You are also required to name your zip file as _'SurnameCID.zip'_, e.g. _Smith1234567.zip_. Do not submit multiple files. The submitted ipynb file must produce the output that appears in your html file.

Make sure you submit your files before the exam deadline of **Friday 18th March, 12.40pm** (extra 10 minutes is included for preparing and uploading the files).

Please regularly check your email and Blackboard in case it is necessary to send any announcements during the assessment.

_Important:_ As this is assessed work you need to work on it individually. It must be your own and unaided work. You are not allowed to discuss the assessment with your fellow students or anybody else. All rules regarding academic integrity and plagiarism apply. Violations of this will be treated as an examination offence. In particular, letting somebody else copy your work constitutes an examination offence. 

In [None]:
import tensorflow as tf

### Question 1 (Total 30 marks)

This question uses the [CIFAR-10](https://keras.io/api/datasets/cifar10/) dataset, which you should load as follows:

In [None]:
from tensorflow.keras.datasets import cifar10
(cifar10_x_train, cifar10_y_train), (cifar10_x_test, cifar10_y_test) = cifar10.load_data()
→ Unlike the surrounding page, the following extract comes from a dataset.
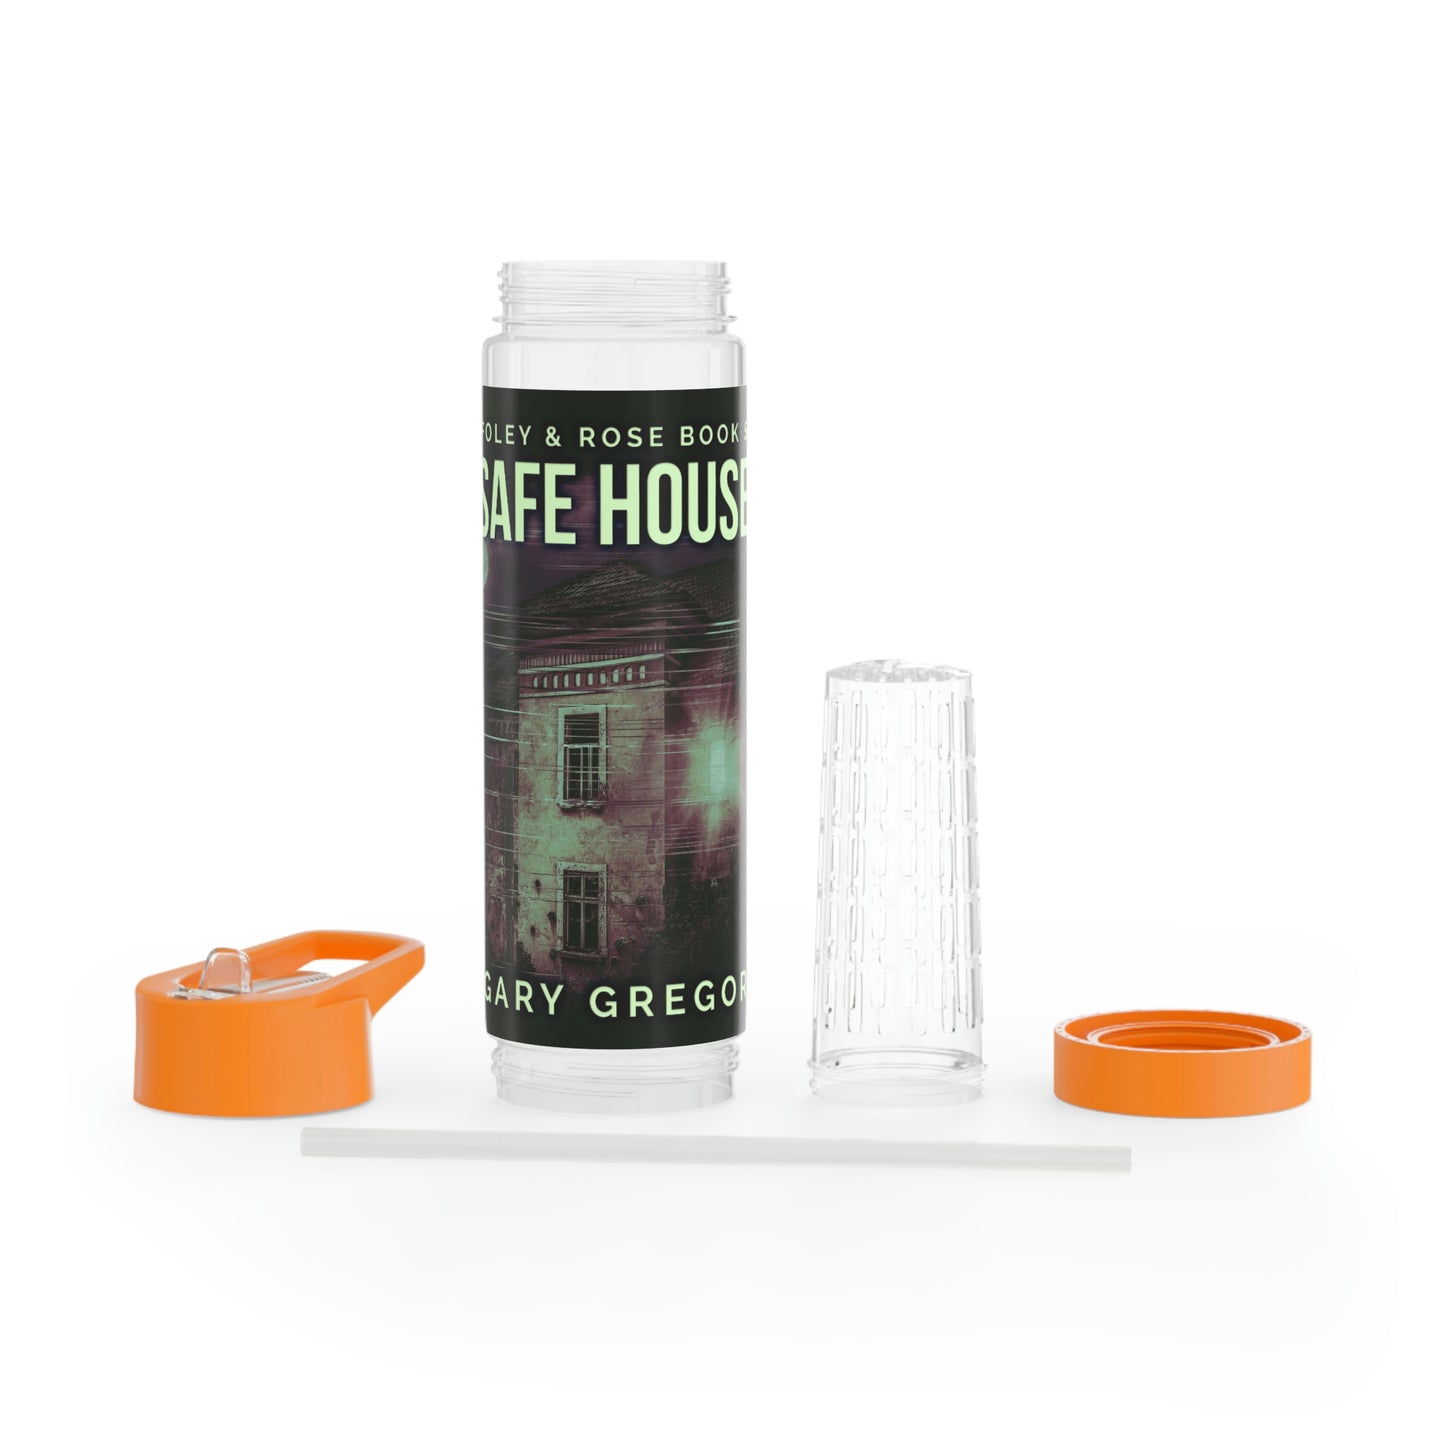 Safe House - Infuser Water Bottle
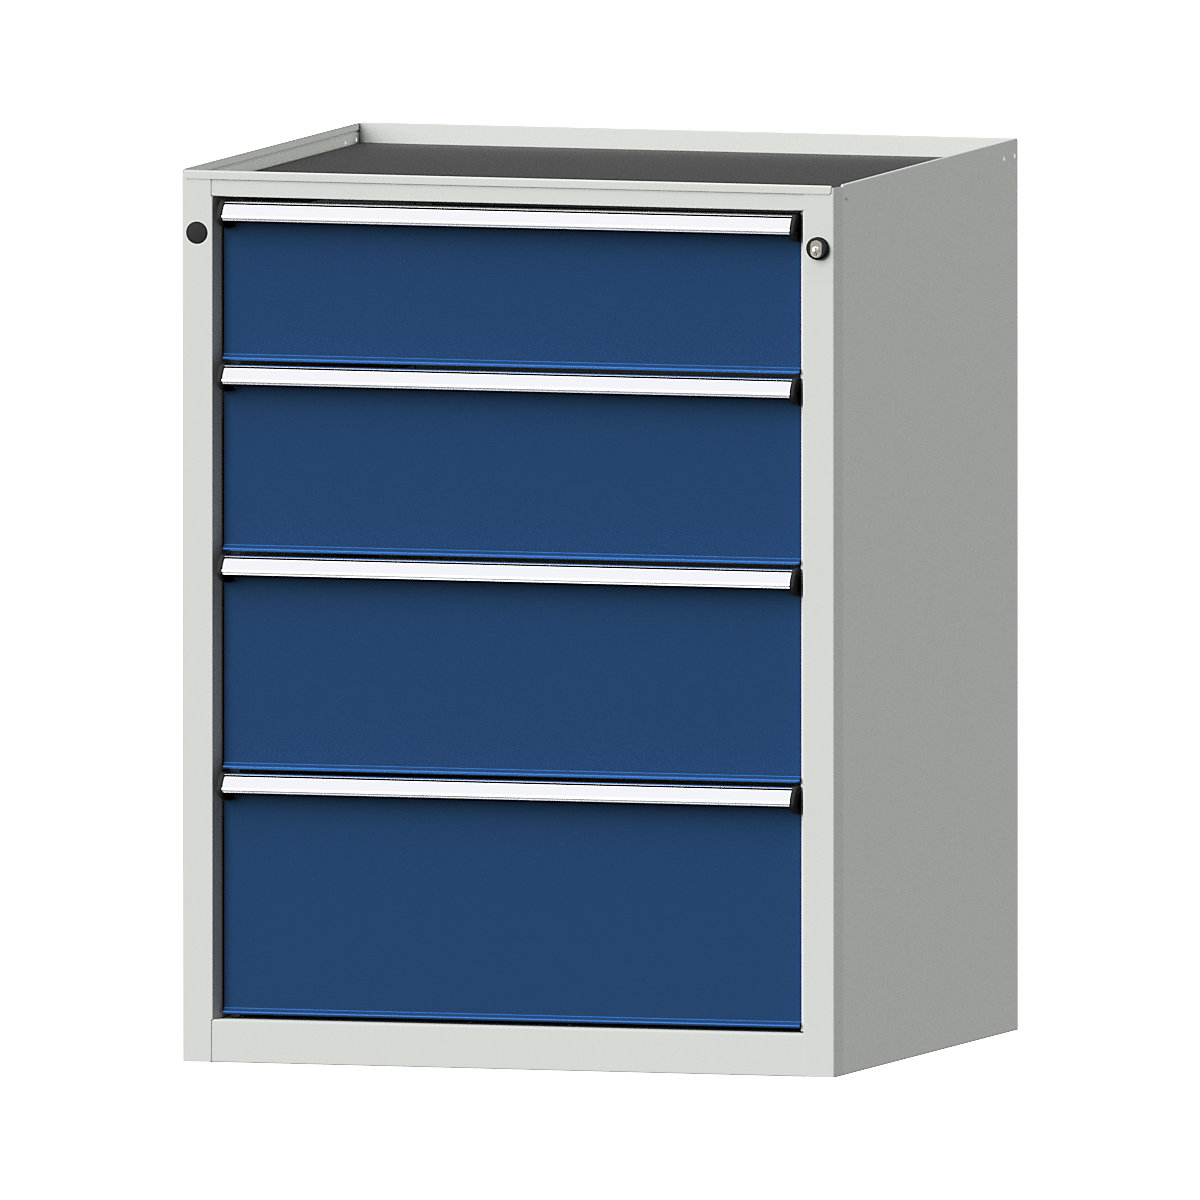 Zásuvková skříň – ANKE, š x h 760 x 675 mm, nosnost zásuvky 200 kg, 4 zásuvky, výška 980 mm, čelo hořcově modré

a) Randomly select 20 examples from the CIFAR-10 training dataset and display the images along with their (integer) labels. **(5 marks)**

b) Use the Sequential API to implement an MLP classifier model for the CIFAR-10 dataset (as loaded above) with the following spec:

* The model first flattens the input image into a 1-D Tensor.
* The model then passes the image through 3 Dense layers of width 64, 32 and 16 respectively, using a sigmoid activation function.
* The final Dense layer has width 10, and no activation function.

Print the model summary, and compile it with a suitable optimizer and loss function, and an accuracy metric. **(10 marks)**

c) Create a custom layer called `GlobalMaxAveragePooling2D`, that performs a global pooling operation over the spatial dimensions (height and width). 

* The layer initialiser should take one required argument `data_format`, which can take the values `'channels_first'` or `'channels_last'`, corresponding to the ordering of dimensions in the inputs.   
  * `'channels_first'` assumes that the input is of the form `(batch_size, channels, height, width)`
  * `'channels_last'` assumes that the input is of the form `(batch_size, height, width, channels)`
* The layer should compute the global **mean** pixel value per channel, as well as the global **max** pixel value per channel, i.e. it should reduce out the height and width dimensions
* The layer should then concatenate the result of the two global pooling operations, to return a Tensor of shape `(batch_size, 2*channels)`
* Your layer implementation should not make use of any other Keras layers or TensorFlow pooling functions. 
* Test your layer by instantiating it (create a `GlobalMaxAveragePooling2D` object) and calling it on a Tensor of shape `(2, 8, 6, 3)` filled with randomly sampled values. **(10 marks)**

_Hint: the `tf.reduce_max`, `tf.reduce_mean` and `tf.concat` functions will be useful in defining the custom layer._

d) Use the Sequential API to implement a CNN classifier model for the CIFAR-10 dataset (as loaded above), using any number of `Conv2D` layers, one `GlobalMaxAveragePooling2D` layer and one `Dense` layer. Your `Conv2D` layers can use any hyperparameter settings. 

Your CNN model should have roughly the same number of trainable parameters as the MLP model above (within $\pm 10\%$). Print the model summary. **(5 marks)**

### Question 2 (Total 30 marks)

This question uses the [CIFAR-10](https://keras.io/api/datasets/cifar10/) dataset, which you should load as follows:

In [None]:
from tensorflow.keras.datasets import cifar10
(cifar10_x_train, cifar10_y_train), (cifar10_x_test, cifar10_y_test) = cifar10.load_data()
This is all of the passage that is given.